*** SUPPLIED DATA

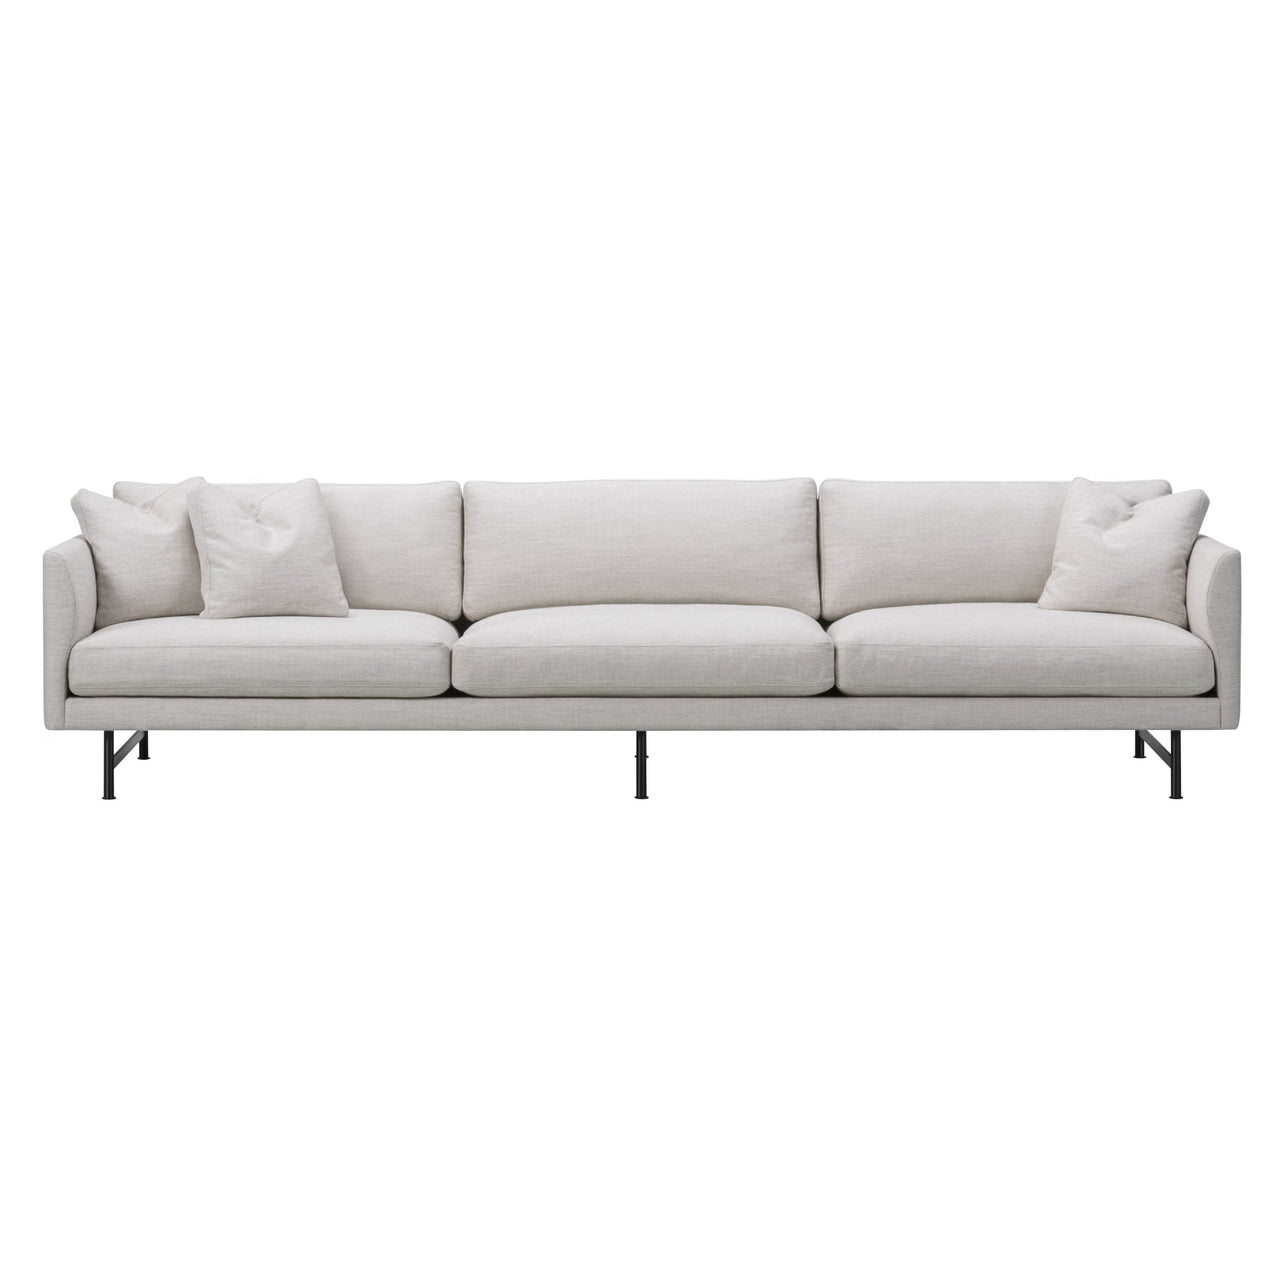 Calmo 3 Seater Sofa: Metal Base + Large - 116.1
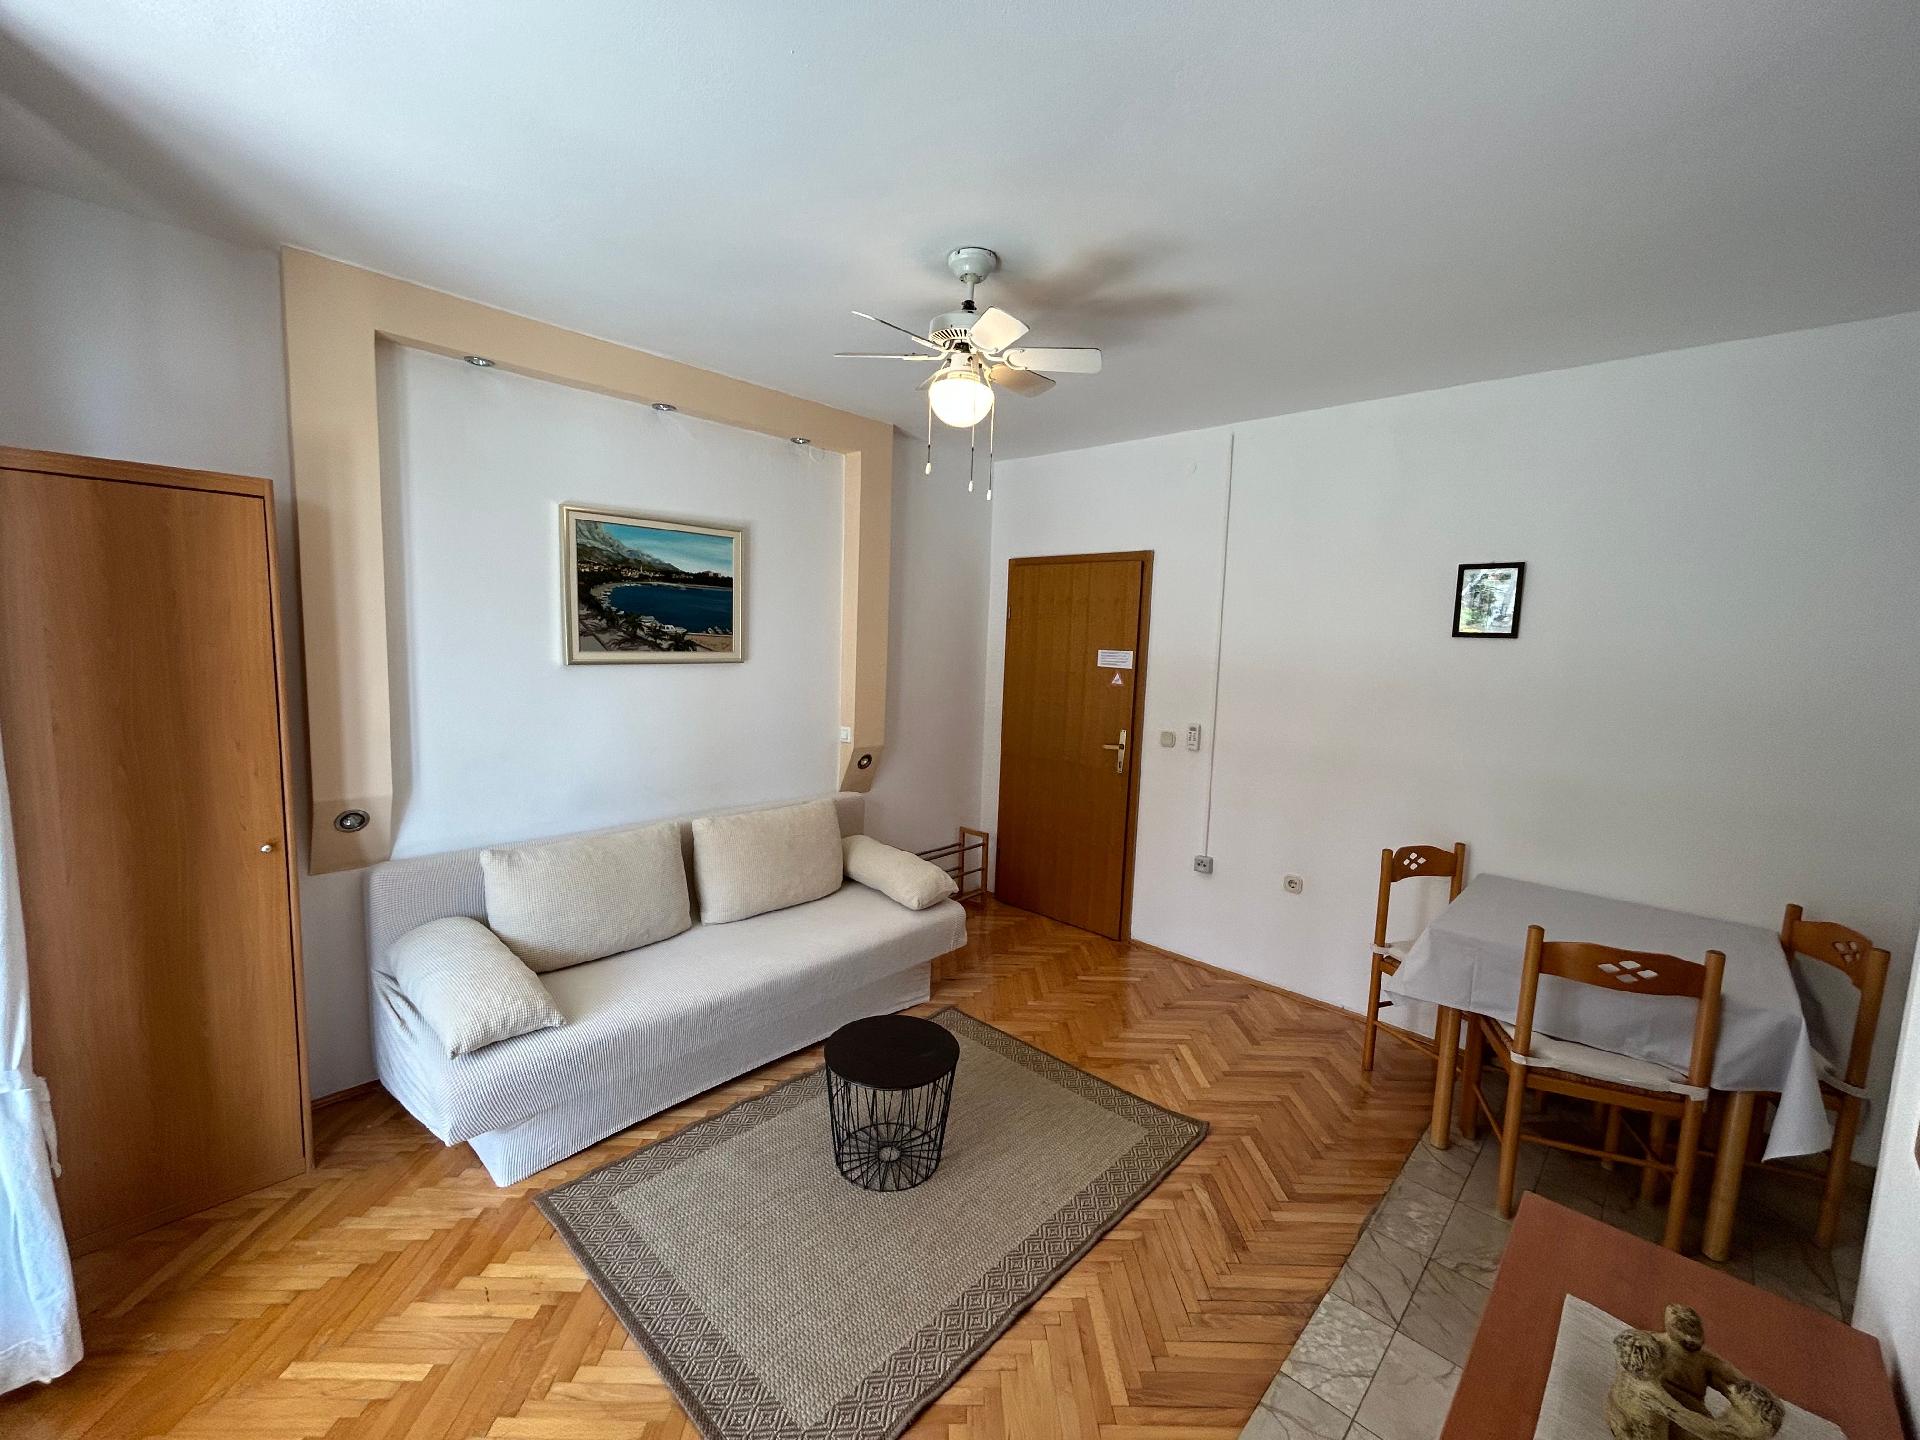 Ferienwohnung für 4 Personen ca. 43 m² i Ferienwohnung in Kroatien
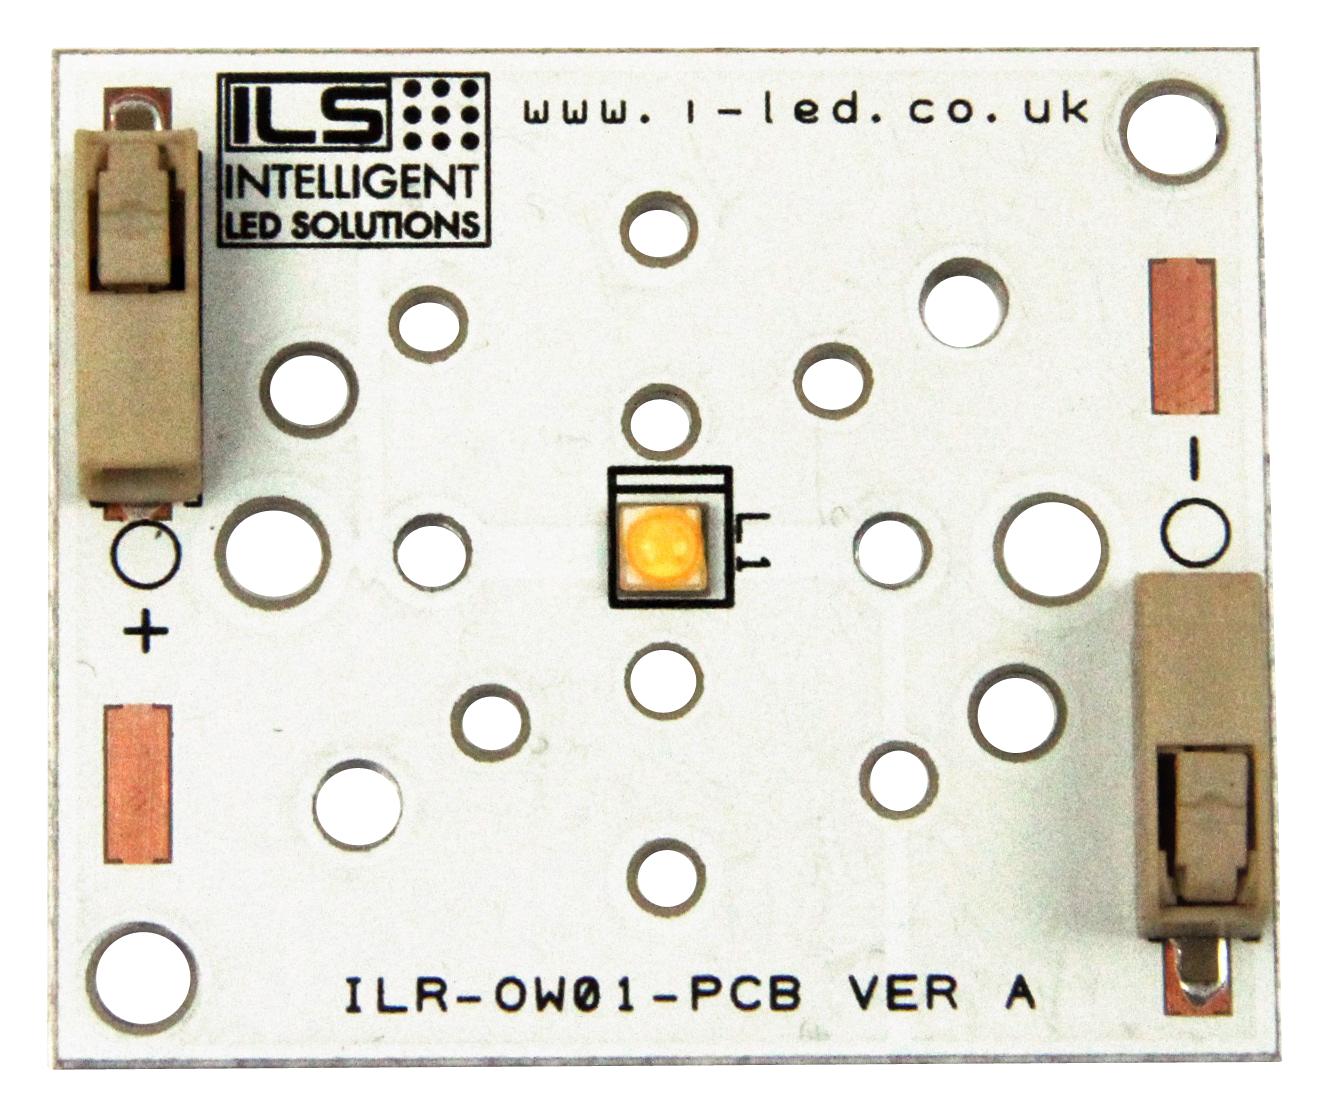 ILR-XP01-S300-LEDIL-SC201.

******

Return the listing above in an exact copy that leaves out the images.

 Calmo 3 Seater Sofa: Metal Base + Large - 116.1
 Ferienwohnung für 4 Personen ca. 43 m² i Ferienwohnung in Kroatien
 ILR-XP01-S300-LEDIL-SC201.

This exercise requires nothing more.